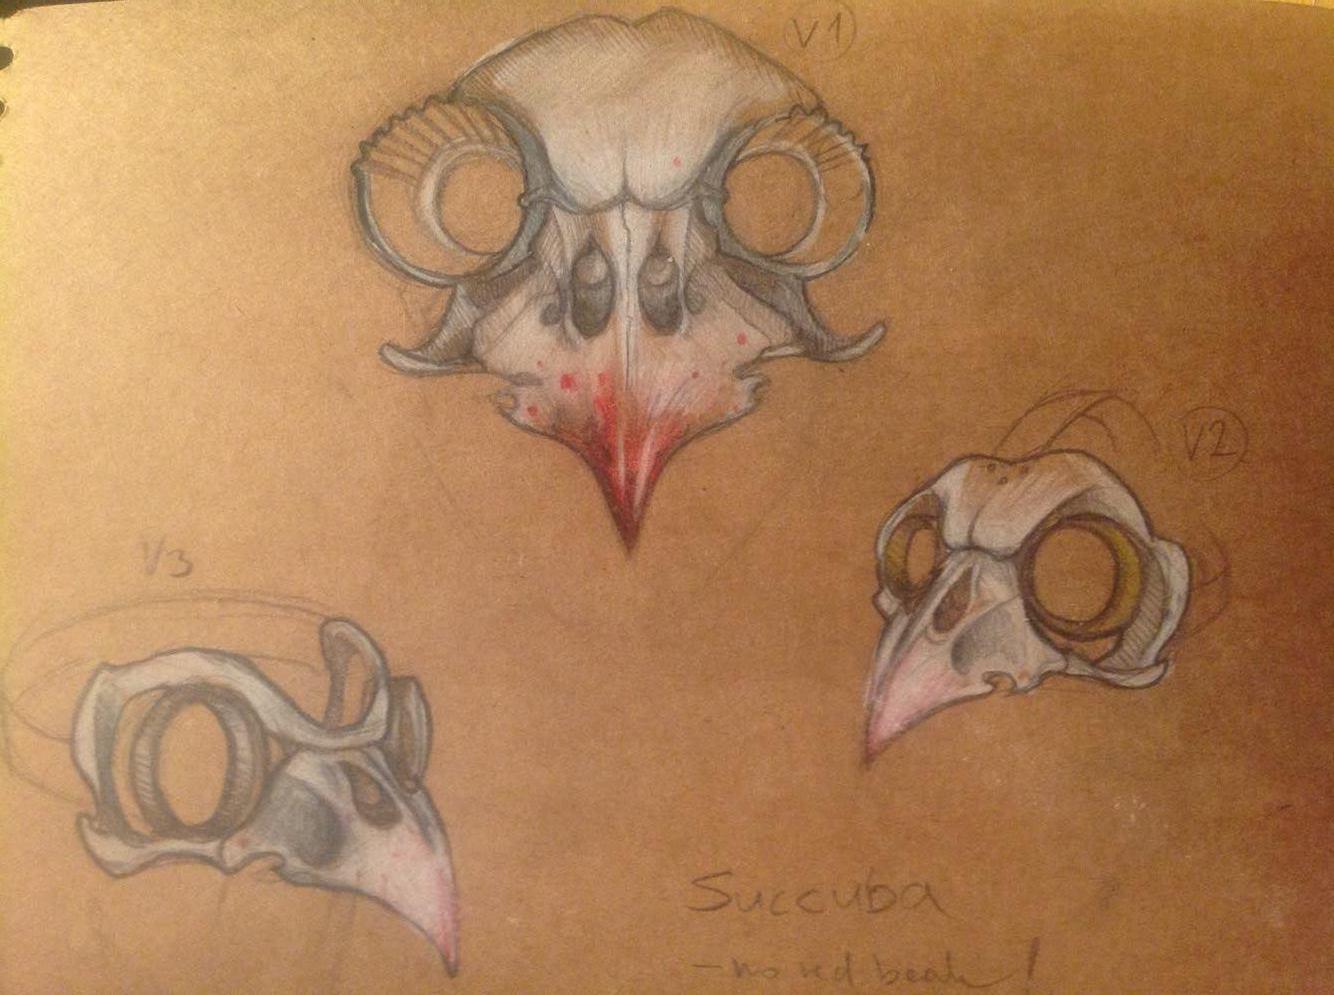 SCUBA- BIRD LEONORA
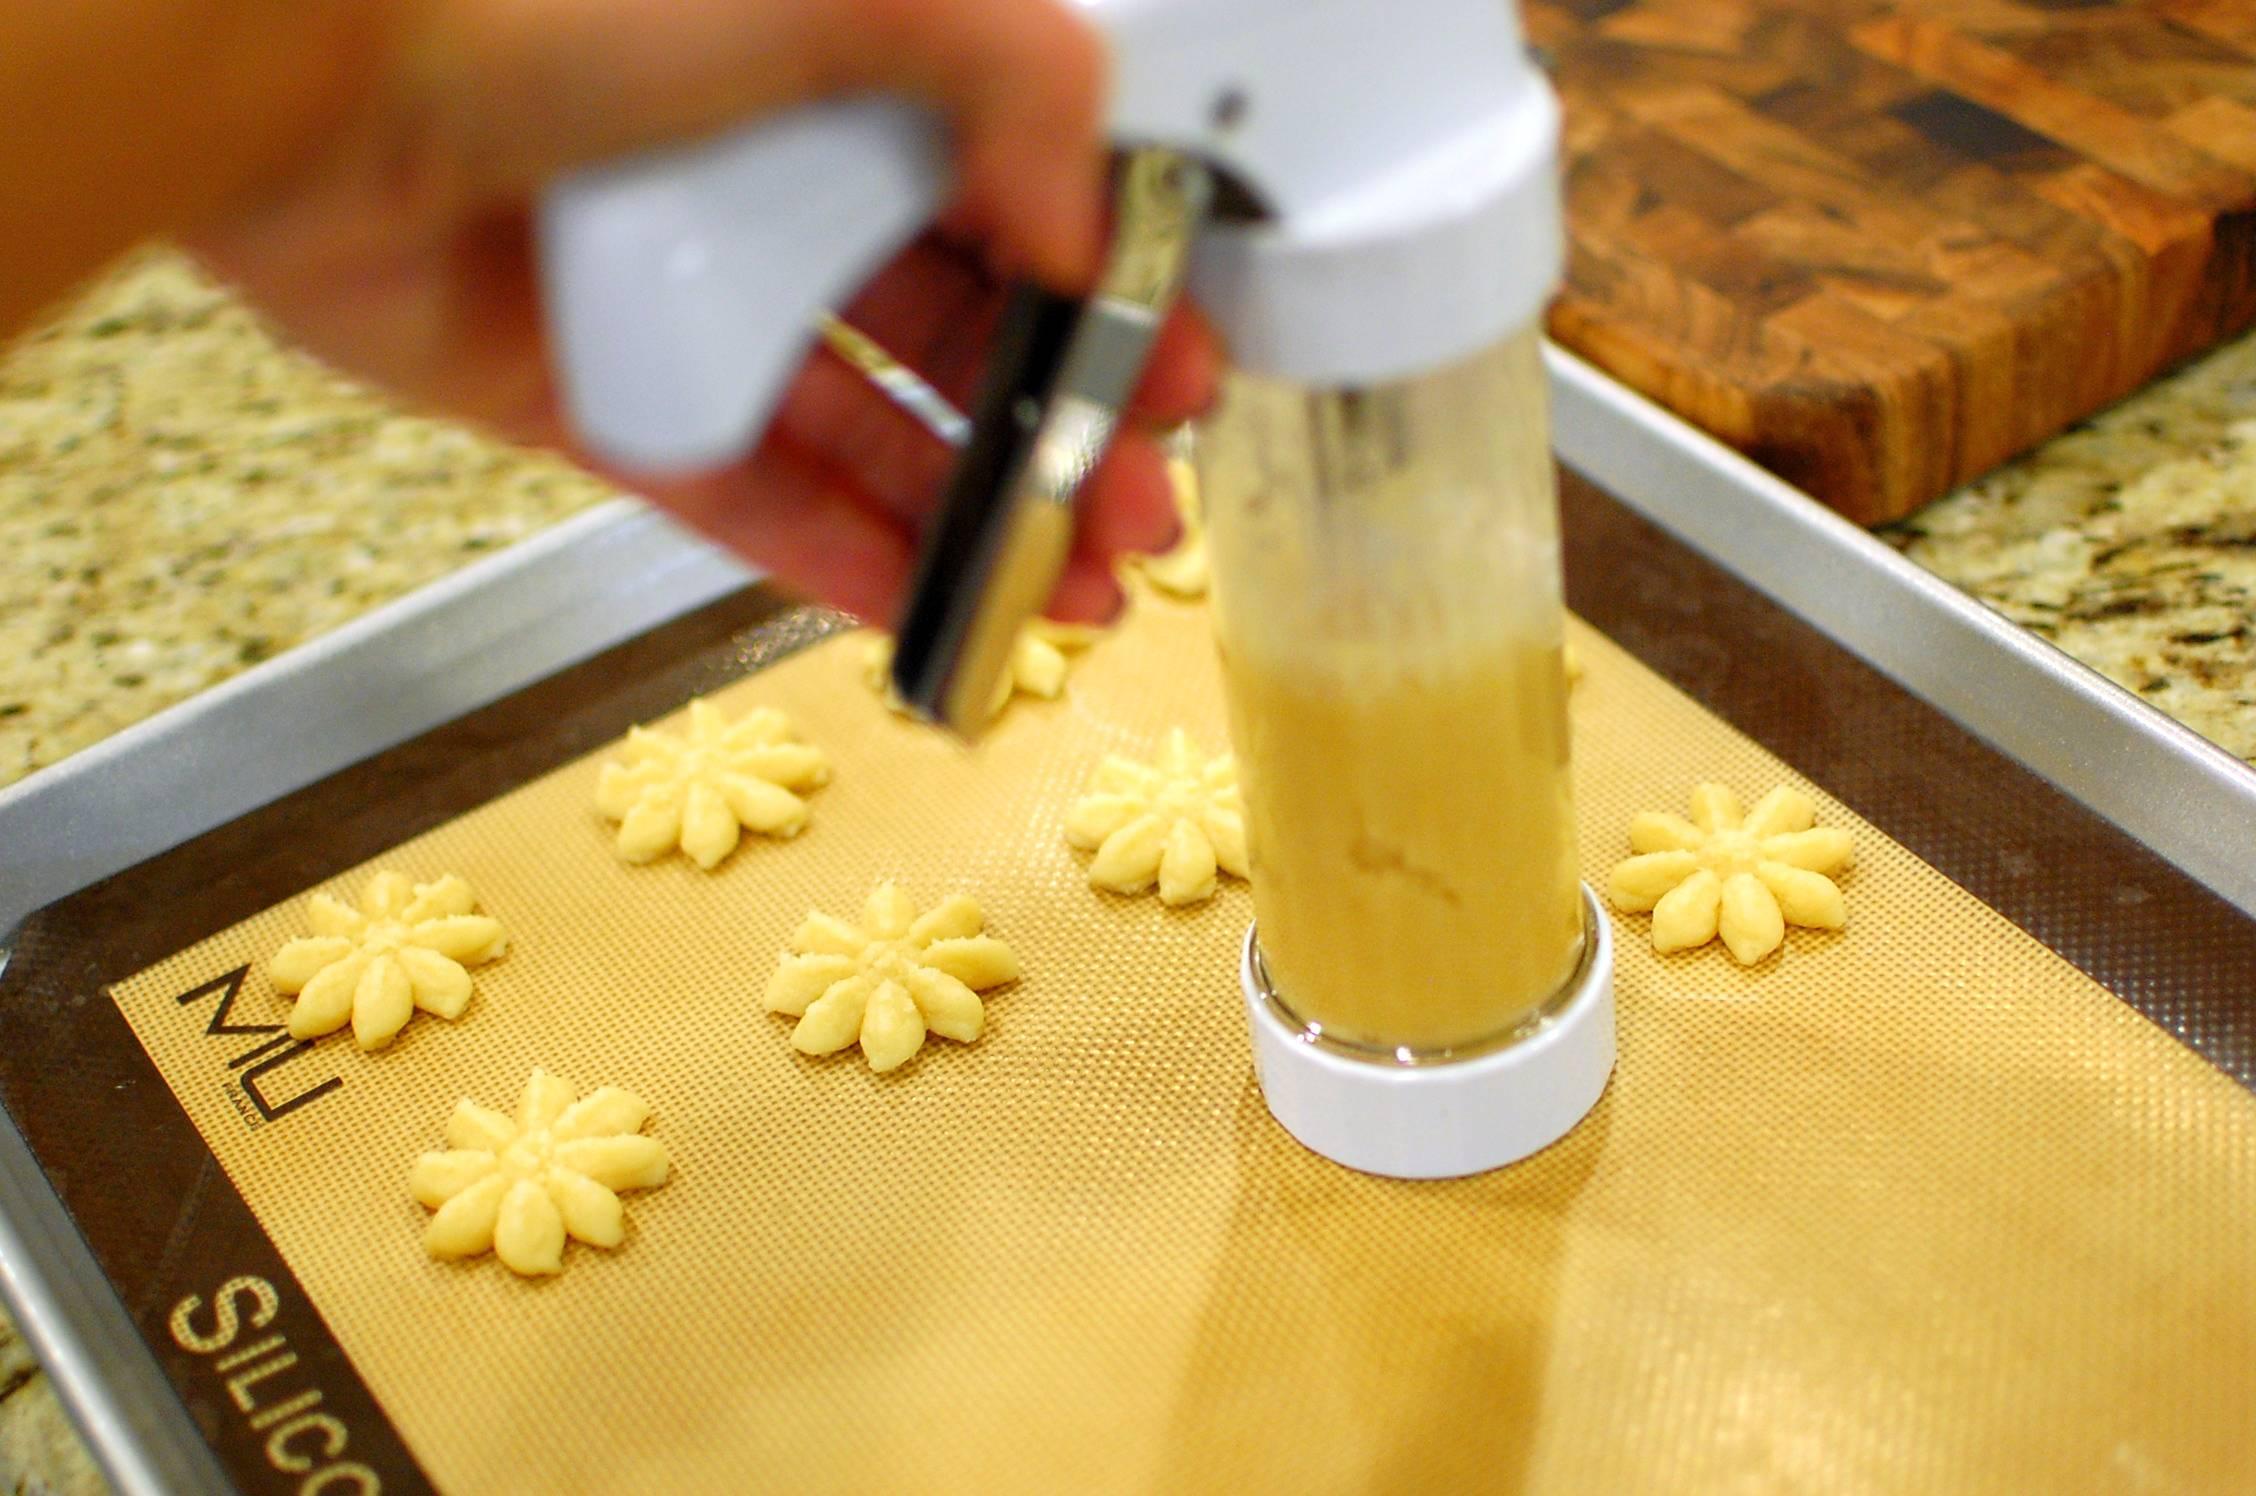 how to make press cookies
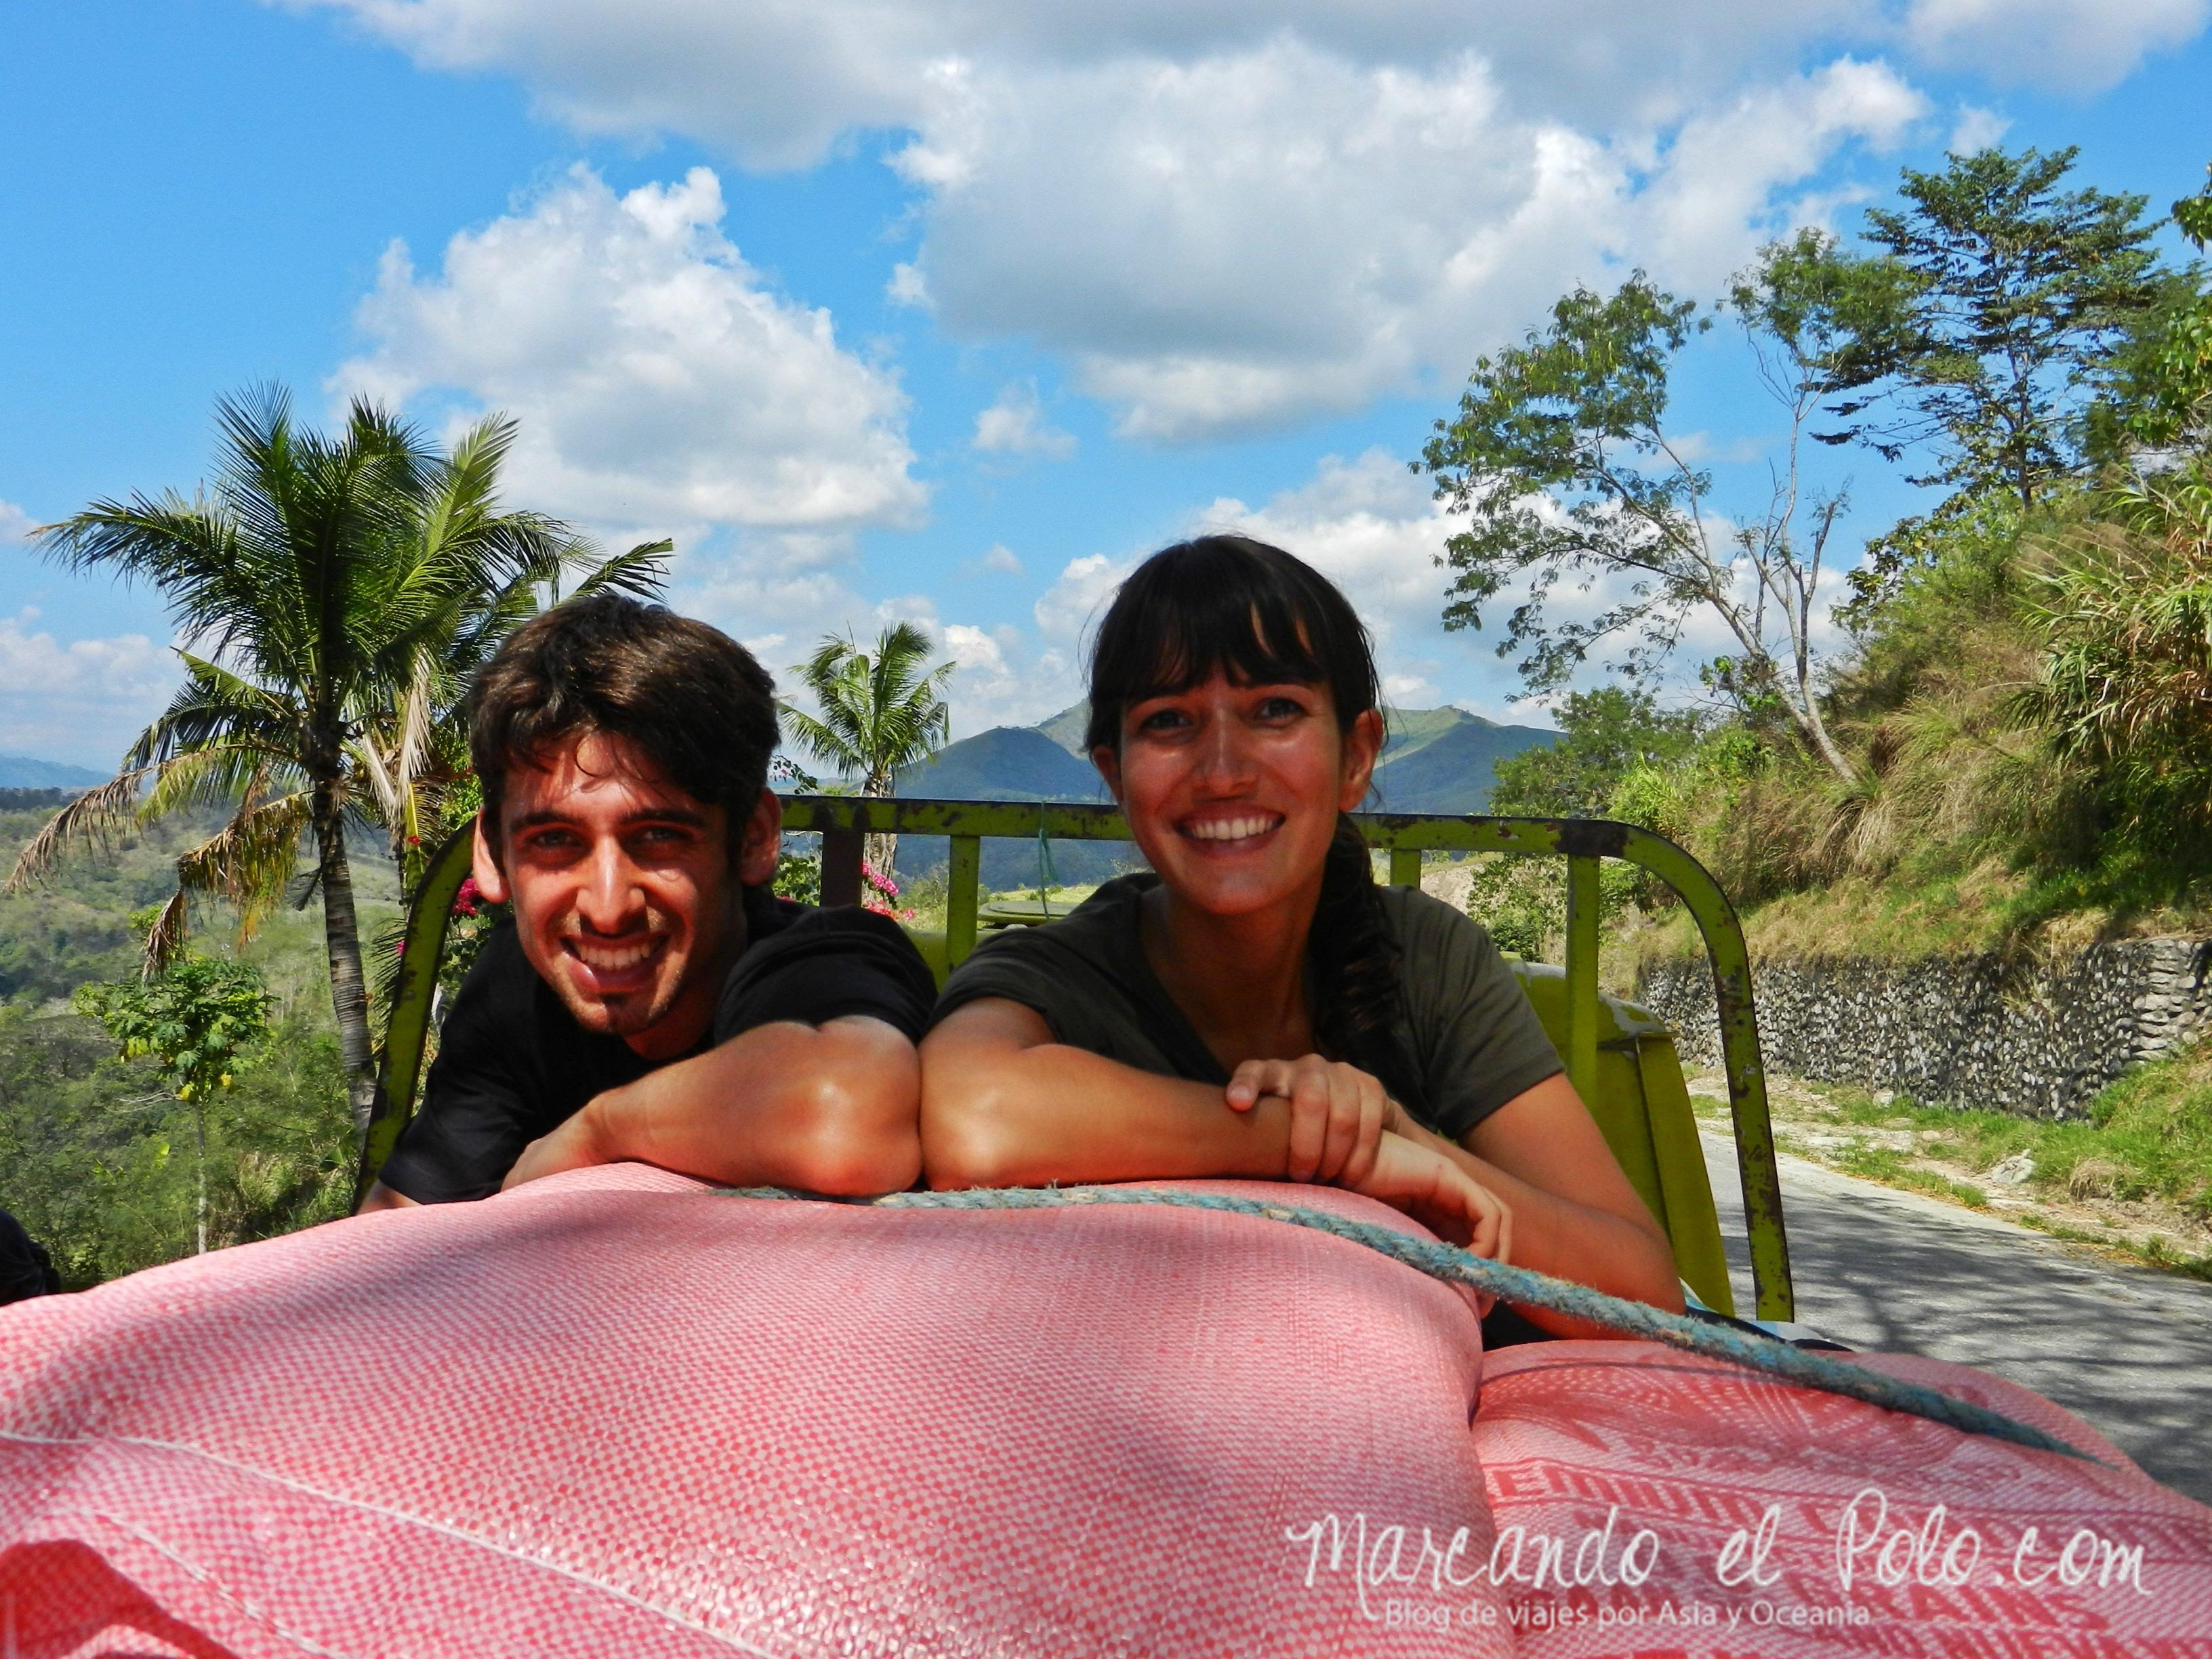 Terrazas de arroz filipinas: Autostop

Problem to work on:
Skip every picture and transcribe the data above exactly.

Answer to the exercise:
 SCUBA- BIRD LEONORA
 how to make press cookies
 Terrazas de arroz filipinas: Autostop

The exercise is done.